Long neuronal axons (up to 1 m in humans) require continuous mitochondrial trafficking. Miro1/2 (RHOT1/2) is a Rho-family GTPase anchored in the outer mitochondrial membrane with two Ca²⁺-binding EF hands. It tethers mitochondria to TRAK1/2 adaptors, which in turn bind kinesin-1 (anterograde) and dynein (retrograde) motors for microtubule transport.

When a local Ca²⁺ spike (e.g., at a synaptic terminal) exceeds ~1 µM, Miro EF hands bind Ca²⁺ and release the motor, arresting the mitochondrion at the active site — matching ATP supply to demand. This calcium-gated arrest is central to synaptic plasticity and is disrupted in early PINK1/Parkin-linked Parkinson’s disease (Wang 2011 Cell).

Damaged mitochondria lose membrane potential (ΔΨ_m). In healthy mitochondria, the serine/threonine kinase PINK1 is imported via TOM/TIM, cleaved by matrix processing peptidase (MPP) and by inner- membrane protease PARL, and rapidly degraded by the proteasome. When ΔΨ_m drops, PINK1 import stalls; PINK1 accumulates on the outer membrane instead:

\[ \text{Healthy:} \ \text{PINK1} \xrightarrow{\text{TOM/TIM}} \text{matrix} \xrightarrow{\text{PARL/MPP}} \text{degraded} \]
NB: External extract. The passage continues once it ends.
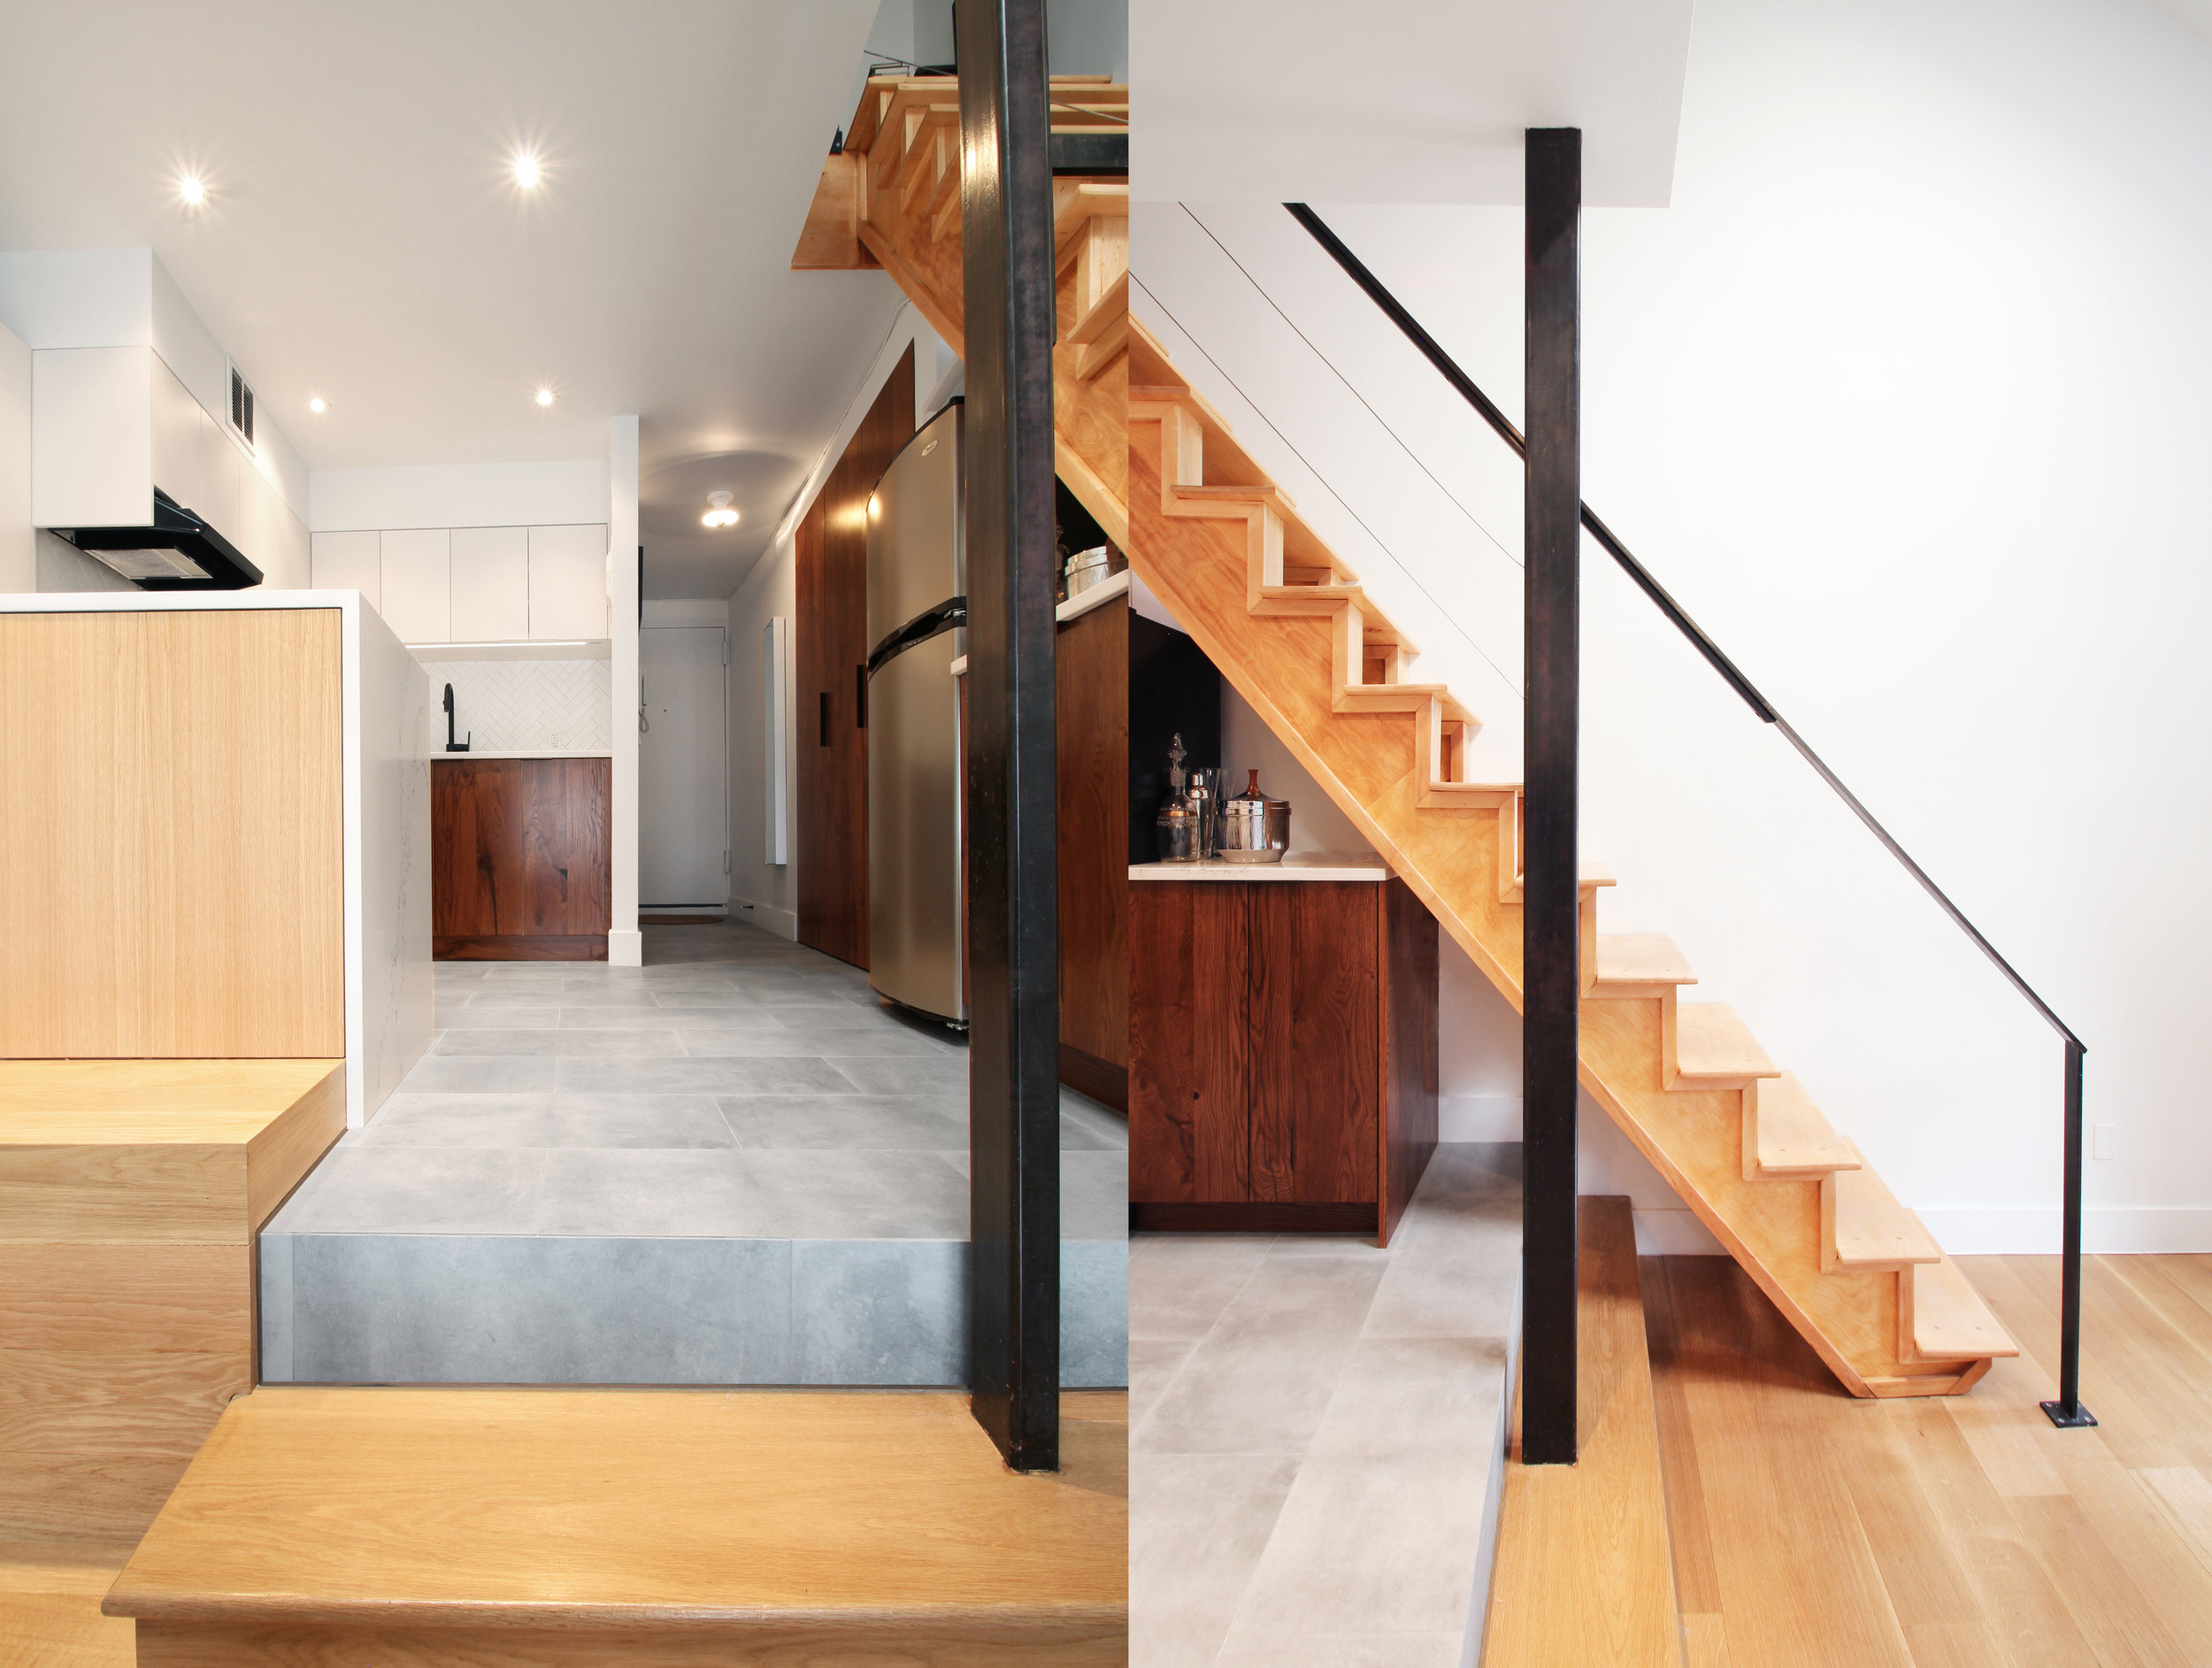 Vertical joined Stair.jpg

\[ \Delta\Psi_m \downarrow \ \text{:}\ \text{PINK1 stabilised on OMM}\ \xrightarrow{\text{autophosphorylation}} \text{active kinase} \]
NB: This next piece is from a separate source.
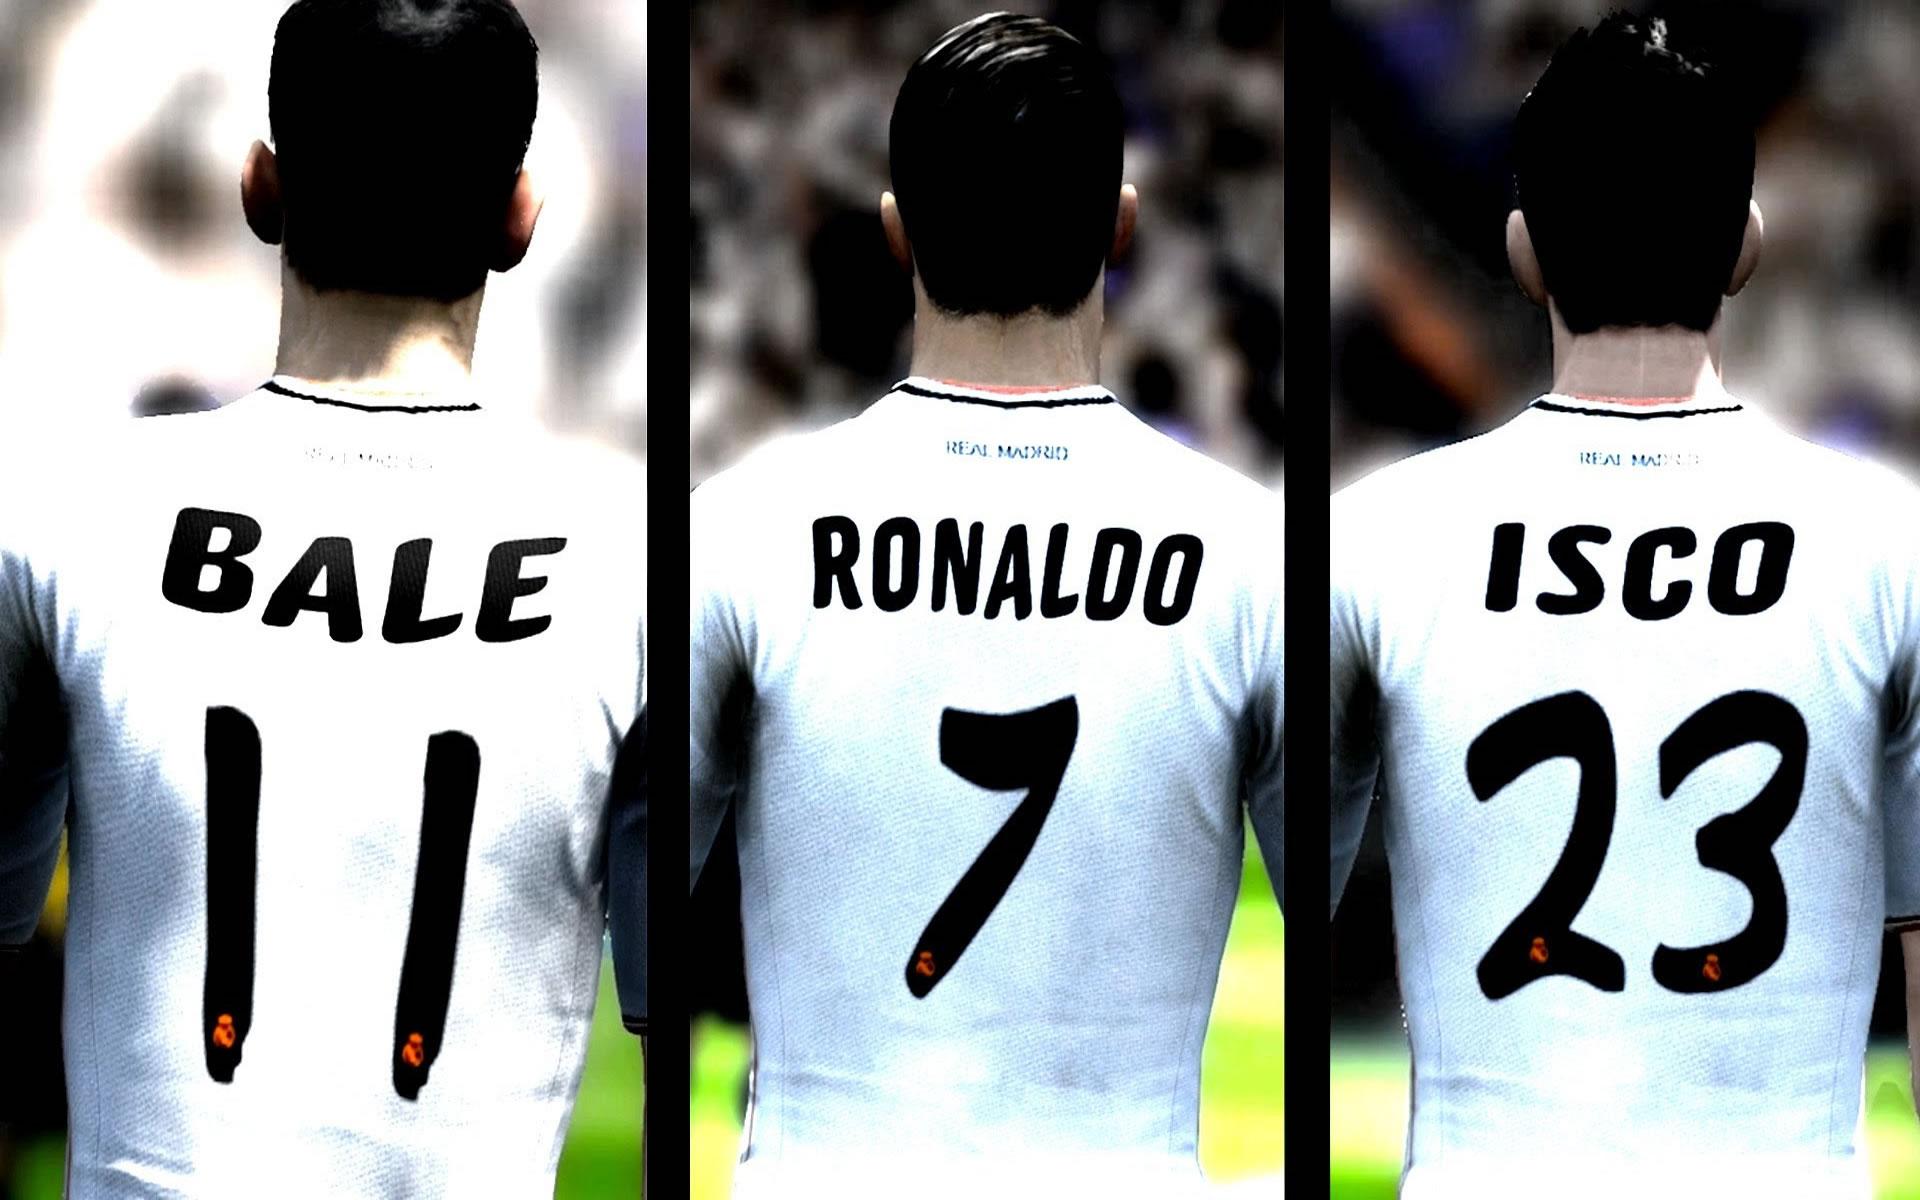 Craks Real Madrid Bale, Isco y Ronaldo

Active PINK1 phosphorylates ubiquitin at Ser65 and activates Parkin (an E3 ubiquitin ligase) by phosphorylating Parkin’s own ubiquitin-like domain. Activated Parkin synthesises K48- and K63-polyubiquitin chains on outer- membrane proteins (VDAC, MFN, MIRO, TOM20). These chains recruit the autophagy adaptors OPTN, NDP52, and p62, which anchor an LC3-decorated autophagosome. The whole damaged mitochondrion is engulfed and fused with a lysosome for degradation.

The process was first resolved by Narendra 2008 (J. Cell Biol.). PINK1 and Parkin mutations cause autosomal-recessive juvenile-onset Parkinson’s disease — the clearest monogenic link between mitochondrial quality control and neurodegeneration.

Beyond PINK1/Parkin, several receptor-mediated mitophagy pathways exist for specific physiological contexts:

• BNIP3 / NIX: outer-membrane receptors containing LIR motifs that bind LC3 directly. Essential for erythrocyte maturation (removal of all mitochondria) and for hypoxia-induced mitophagy.
• FUNDC1: OMM receptor dephosphorylated during hypoxia, exposing its LIR motif. Links hypoxic stress to mitophagy.
• Cardiolipin externalisation: oxidative damage flips cardiolipin from IMM to OMM, where LC3 binds it directly, targeting damaged mitochondria even without PINK1/Parkin.
• Mieap / Lonp1-mediated: matrix quality control degrading specific damaged proteins within the mitochondrion rather than the whole organelle.

The fusion/fission ratio sets mitochondrial network state, which determines cellular phenotype:

• Fused network: increased ATP output, tighter OXPHOS coupling, content mixing (mtDNA complementation, sharing of substrates), resistance to apoptosis. Dominant during G1-S cell cycle and nutrient abundance.
• Fragmented network: facilitates quality control (isolates damaged units for mitophagy), apoptosis (Bax/Bak pore formation at fission sites), distribution to daughter cells during mitosis. Dominant during stress and M phase.

Many kinases tune the balance: AMPK (starvation), CaMK (Ca²⁺signals), ERK1/2 (growth), CDK1 (mitosis). Together they make the mitochondrial network a dynamic sensor-effector of cellular metabolic state.

Drugging mitochondrial dynamics is an emerging therapeutic area:

• Mdivi-1: small-molecule DRP1 inhibitor, preclinical in heart failure and neurodegeneration (off-target concerns limit clinical translation).
• P110: peptide inhibitor of DRP1-Fis1 interaction; protective in Parkinson’s and Alzheimer’s models (Qi 2013).
• Urolithin A (Amazentis): gut-microbiome-derived metabolite that induces mitophagy. Phase 2 trials in sarcopenia / aging (Andreux 2019 Nat. Metab.).
• UDCA (ursodeoxycholic acid): clinical trial for DOA (OPA1 mutations). Stabilises mitochondria, improves vision.